Let me give an example. A spouse (it could be either the husband or the wife) desires to be loved by their marriage partner. This is not only normal but a good desire. They perceive that the love that their husband or wife has for them is not as great as they wish. They may even perceive that their spouse does not love them at all. However, this is probably the pessimism that we saw in the words of Elijah similarly working its way into the mind of our subject. So, they become depressed. Possibly, in this situation, the best way out of the depression is to fulfill the desire. (This will be our second way out.) But, while our subject is waiting for that to happen, they can change their desire. In a marriage relationship there are better and greater desires than being loved more.


For the husband, he can focus his desire on what he is called to do by God as a husband. He can


  • love his wife,
  • nourish his wife,
  • cherish his wife, and
  • sanctify his wife (Eph 5:25-32).


Why is this a better desire? First, because it is better to love than to be loved. Second, the husband can control this desire. He can fulfill it by his own actions, but he cannot control how much he is loved.


For the wife, she can focus on her desire on what she is called by God to do as a wife. She can


  • submit to her husband,
  • obey her husband, and
  • respect her husband (Eph 5:22-24, 38).


Why is this a better desire? First, because it is better to obey than to be obeyed. Second, the wife can control this desire. She can fulfill it by her own actions, but she cannot control how much she is loved.


Of course, there is nothing wrong with trying to fulfill these desires through a plan (gentle discussions, vacations, counseling, etc.) but people don’t always cooperate with our plans.

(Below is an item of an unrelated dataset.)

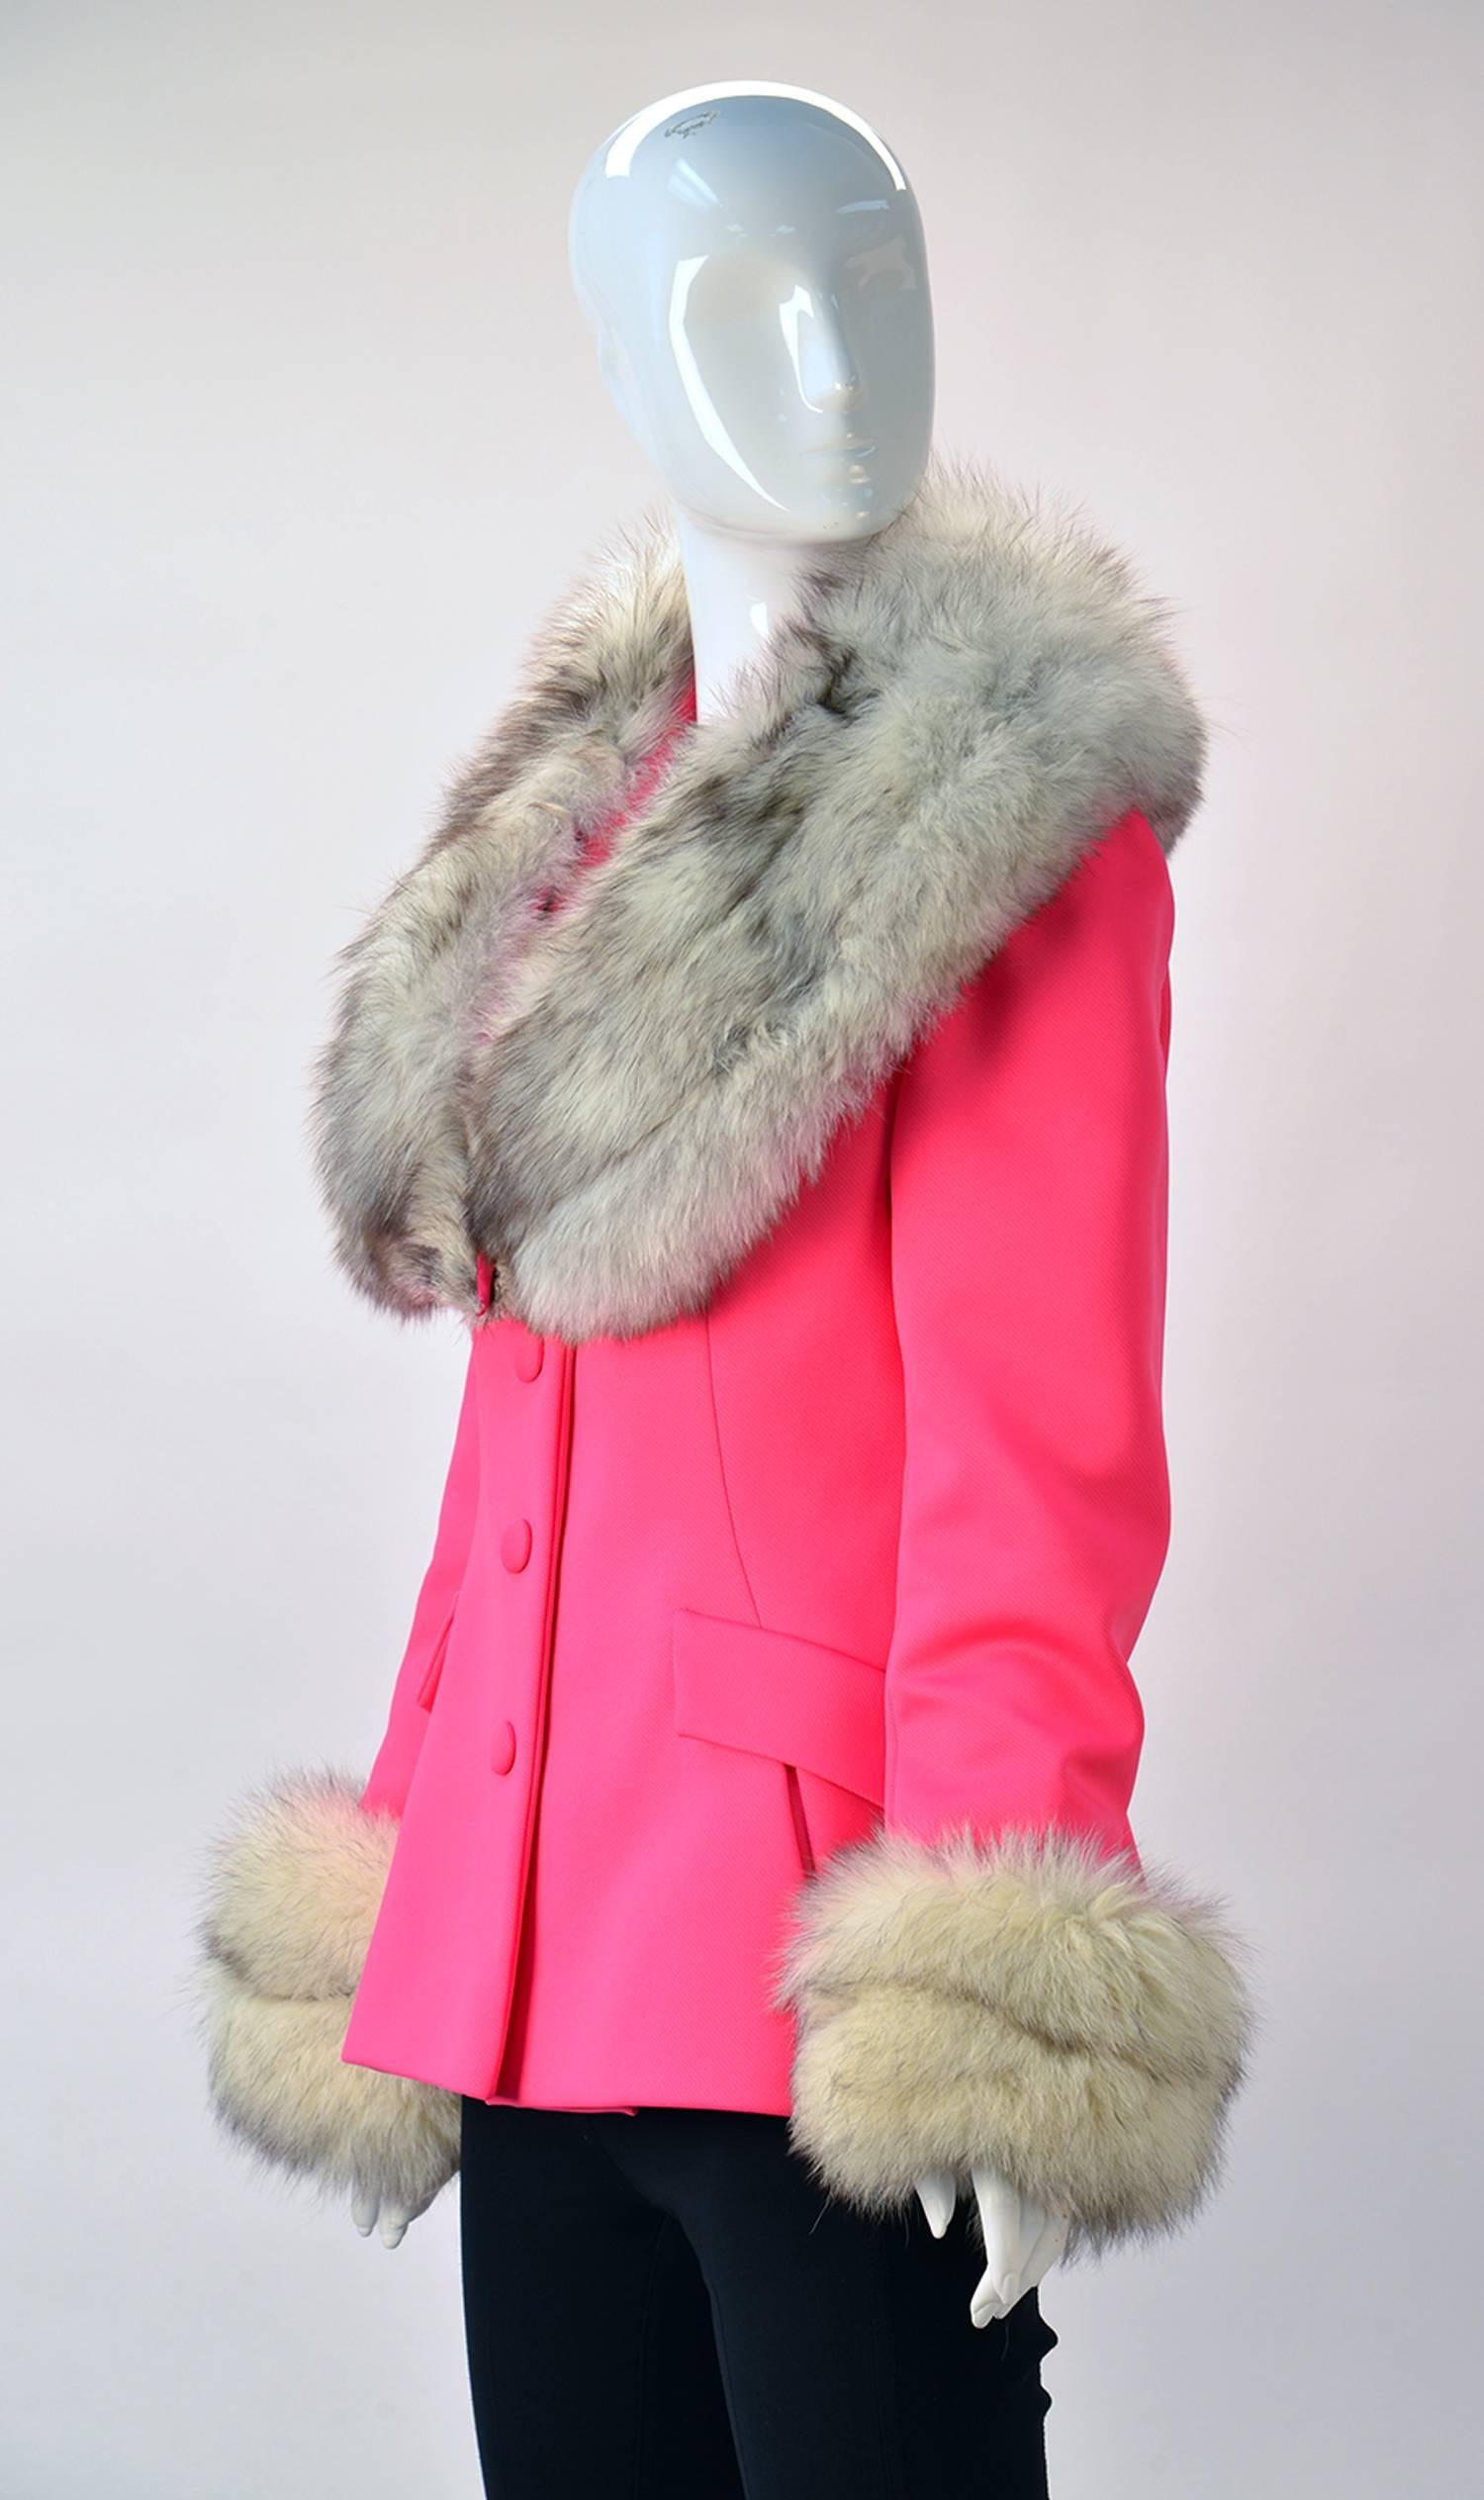 
Fantastic for a cold Sring day comes this 1960's Lilli Ann pink jacket with large fox fur collar and cuffs. The jacket features princess seams, with Spanish snap button holes. Faux pockets with flaps. There is a snap to close the fur. The back of

Notice one last thing about Elijah’s experience that applies to every child of God. Although Elijah’s desires were good, once he became depressed he also became self-focused. He was self-absorbed. He says, “I am no good.” (vs. 4) He says, “I have been jealous for the Lord” (vs. 14) …and others have not. “They are trying to kill me.” But the Lord gives him work to do.


There is work for the Lord that needs to be done. I tell you, once you do it, it is one of the best feelings in the world! There is nothing better than knowing you are within God’s will and living for Him.


When we take our eyes off of ourselves and immerse ourselves in the Lord’s work we discover that the purpose that we have overshadows our own personal desires. This was Elijah’s experience.


Take up your authority and your purpose! Have done with lesser things and find your freedom! Then, in God’s timing, you may discover that you receive what you had at first desired.







Mitzi B. on 09-09-2019 at 4:47 PM
Aloha Craig. I providentially happened on this right now I really needed to hear this today. I'm glad things are going well for you and your ohana. Mahalo for prayers.